Hey, SF Bay Area, I just noticed that tonight's Grimm is not being shown on my local NBC affiliate (KNTV) due to a baseball game. BUT I found it on channel 6 (KICU) instead, and I had to manually add it in. Whew! Glad I caught it.


----------



## sieglinde (Aug 11, 2002)

Good, I set that SP for channel 6 a while ago. And I just checked. It worked. Just set two SPs you are not going to get anything extra from channel 6.


----------



## mattack (Apr 9, 2001)

Yeah.. But [email protected][email protected] Hannibal was still supposedly on KNTV. (i.e. I got a failed recording)

I ended up watching it from On Demand. I also happened to record something on Saturday with a minute of padding.. KNTV apparently aired it at IIRC 7PM in some other show's timeslot. (I didn't NOTICE any crawls during the 10PM Fri recording, but I didn't look carefully.)


----------



## KDeFlane (Jan 29, 2014)

sieglinde said:


> Good, I set that SP for channel 6 a while ago. And I just checked. It worked. Just set two SPs you are not going to get anything extra from channel 6.


I haven't tried that trick.
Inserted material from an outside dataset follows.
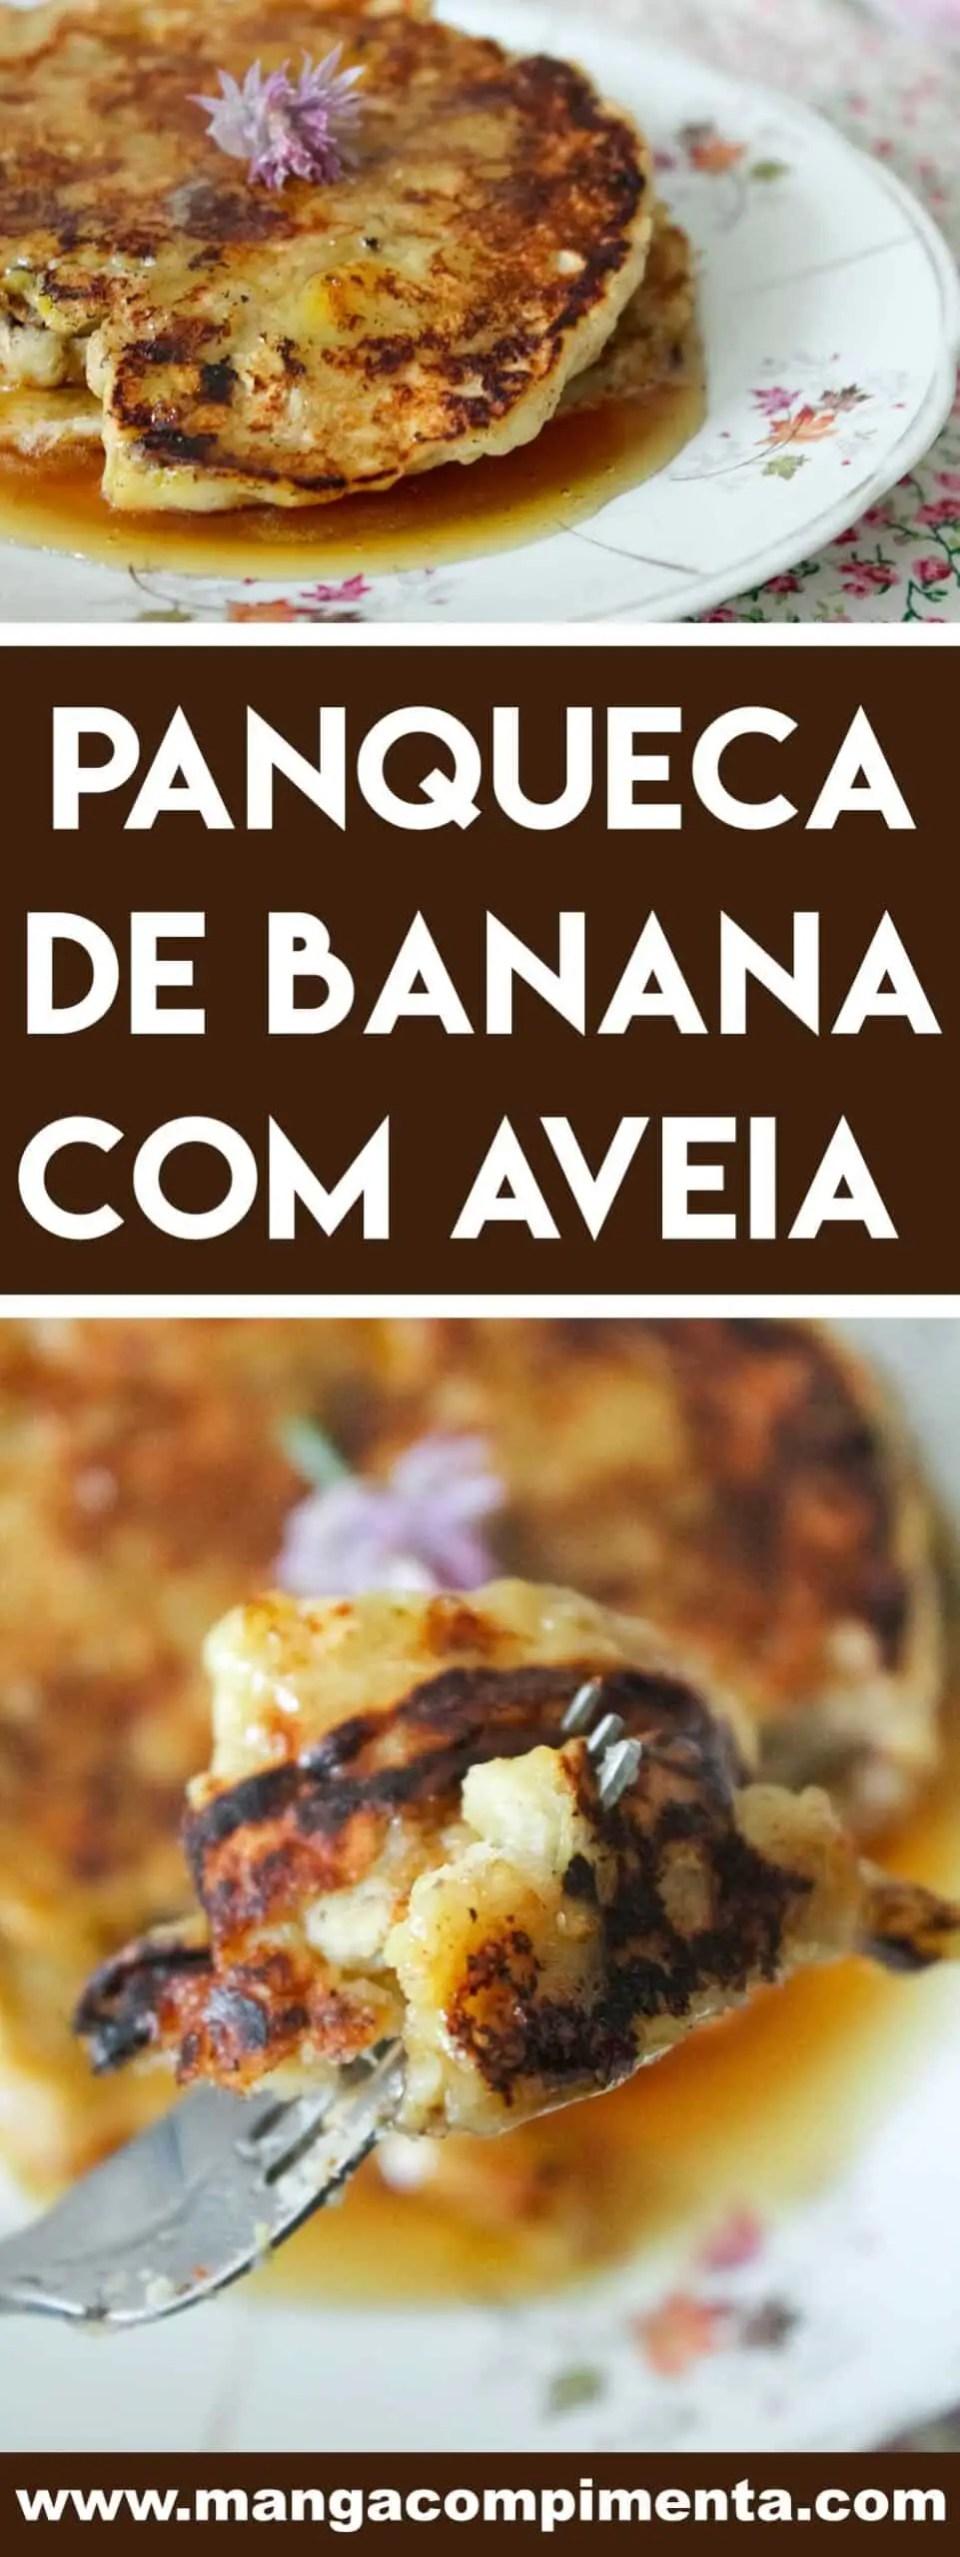 Receita de Panqueca de Banana com Aveia - um café da manhã nutritivo.

The season is almost over anyway. Tonight's another MLB game, so I'm making the switch manually. I just wanted to mention that TVGuide.com's online listings show channel 6 airing Grimm for only 30 mins -- surely a data entry error -- but TiVo guide looks correct.


----------



## mattack (Apr 9, 2001)

I sure thought I made a SP on KICU long ago, but guess not.. thank you guys + iPhone app..

Even though I'm recording this, does anybody remember when S2 showed up on Amazon Prime? Last year I watched most if not all eps via Amazon Prime whenever it showed up there... (I think originally because I had nuked a hard drive that had a bunch of the eps on it..) Now for this and The Americans, I'll keep recording them, but most likely watch via Prime when they're there.


----------



## KDeFlane (Jan 29, 2014)

Hey, SF Bay Area! Grimm season finale tonight, on the alternate channel (KNTV -> KICU) for those affected by MLB. Coming this fall, Grimm keeps its current timeslot followed by "Constantine", and I'll be setting up the parallel season passes for both.


----------



## gwuinsf (May 21, 2002)

Arg! I was wondering where the season finale was. I hate when networks do this. 

I'm the age of DVRs I wish there was a way networks could send us a message that this was going to happen.


----------